Scrapy - Uploading image files to Amazon S3

Scrapy has a nice built in feature to automatically download and store images that it comes across while scraping a website. There’s some great documentation on how to get started. Theres also some undocumented code that allows you to store your images on Amazon S3. Here’s how to do that:

in your settings.py file:

ITEM_PIPELINES = {
    'scrapy.contrib.pipeline.images.ImagesPipeline': 1
}

# This is going to be the amazon s3 bucket. 
# You need to use the below format so Scrapy 
# can parse it. !!Important don't forget to add 
# the trailing slash.
IMAGES_STORE = 's3://my-bucket-name/'

IMAGES_EXPIRES = 180 # The amount of days until we re-download the image

IMAGES_THUMBS = {
    'small': (50, 50), # You can add as many of these as you want
    'big': (300, 300)
}

AWS_ACCESS_KEY_ID = 'your-access-key'
AWS_SECRET_ACCESS_KEY= 'your-secret-access-key'

For the sake of security I suggest creating a new user in the Amazon AWS interface and give that user only read/write privileges to your bucket.

Now we need to install a few packages that didn’t come by default with Scrapy:

pip install pillow
pip intall boto

Pillow handles the image manipulation and boto will provide the library that connects to S3.

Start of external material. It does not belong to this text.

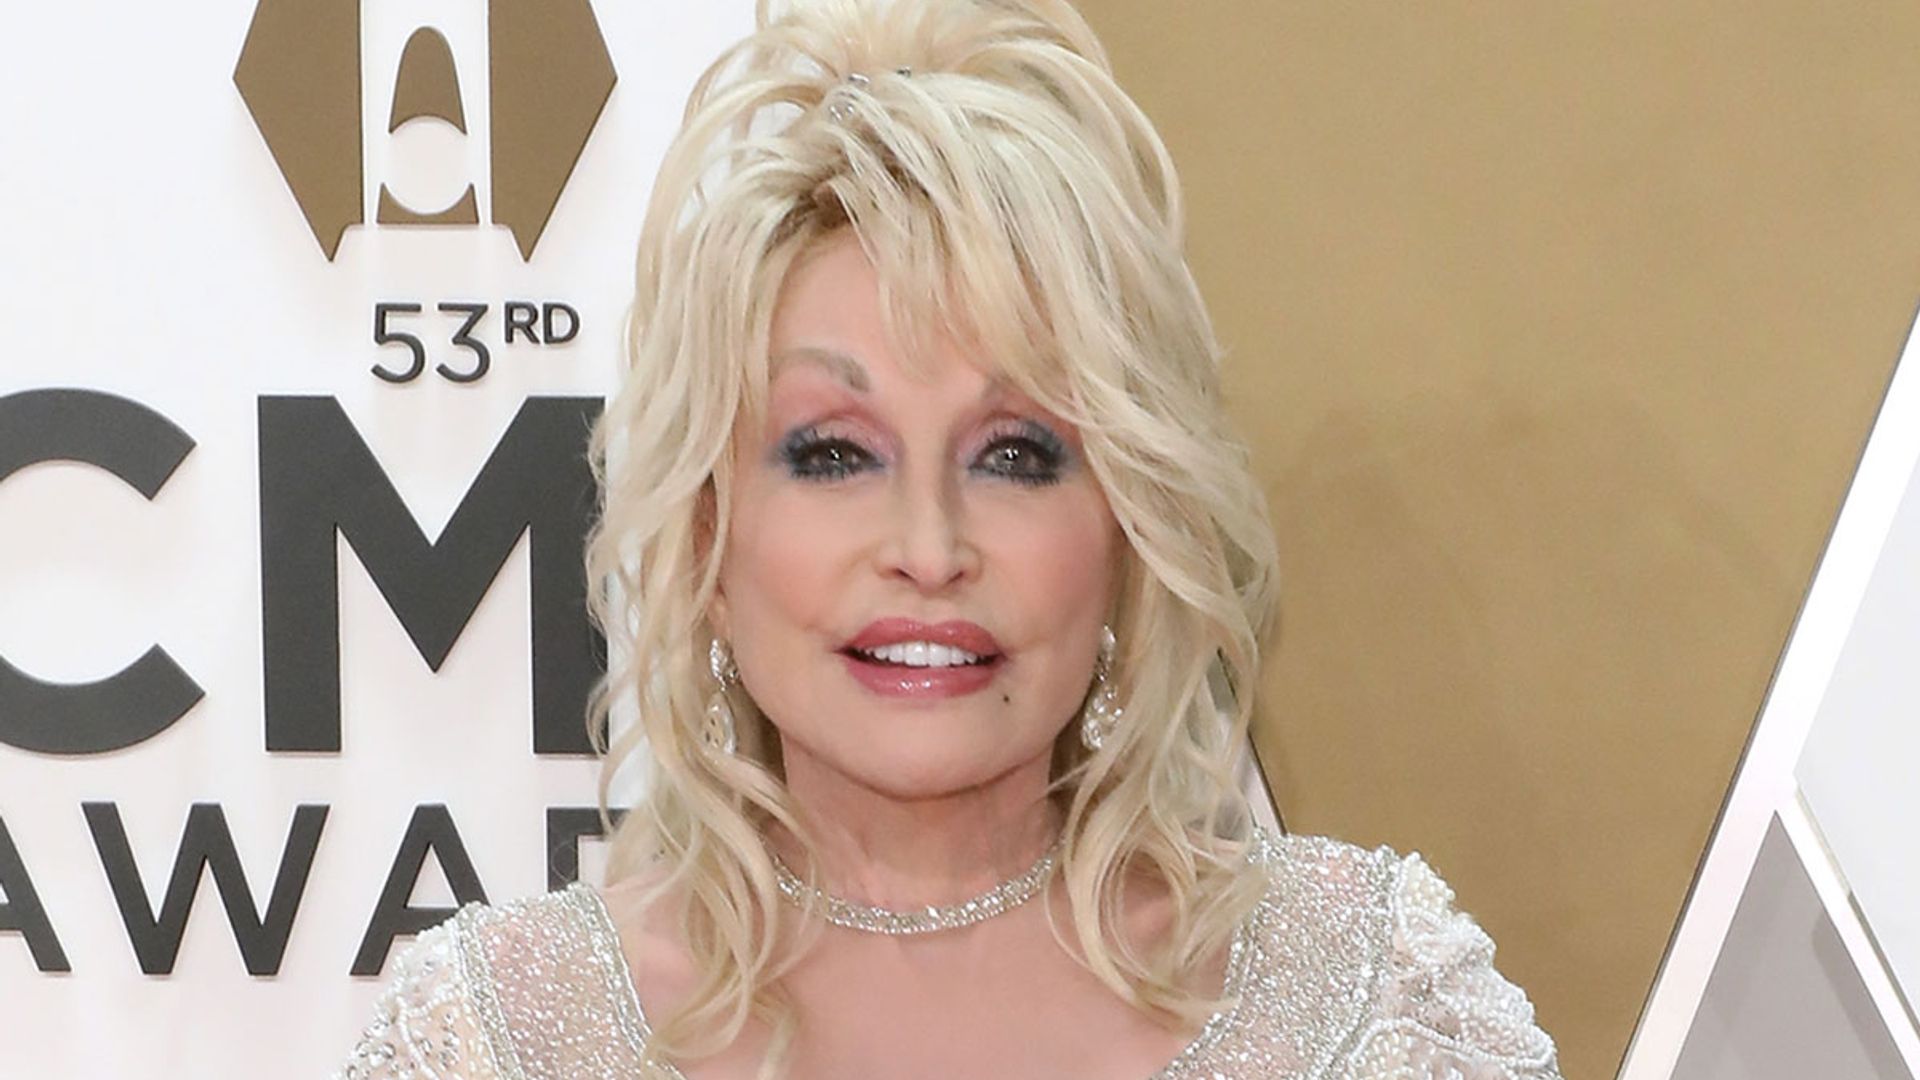 Dolly Parton shares extremely rare photo of her 'supportive' husband Carl Dean

Scrapy uses the image_urls key in your item to look for images it should download. This should be a list of image urls. Once downloaded Scrapy writes the details of the image location to the images key.

Don’t forget to add these to your items.py file:

class MyItem(scrapy.Item):
    image_urls = scrapy.Field()
    images = scrapy.Field()

Now don’t forget to actually populate the image_urls key during your crawl. Once you crawl your site final output will look something like this for a given item:

'image_urls': [u'http://example.com/images/tshirt.jpg'],
'images': [{ 'checksum': '264d3bbdffd4ab3dcb8f234c51329da8',
         'path': 'full/069f409fd4cdb02248d726a625fecd8299e6055e.jpg',
         'url': 'http://example.com/images/tshirt.jpg'}],

Now head on over to you amazon S3 bucket and have a look. Your images and thumbnails are all there!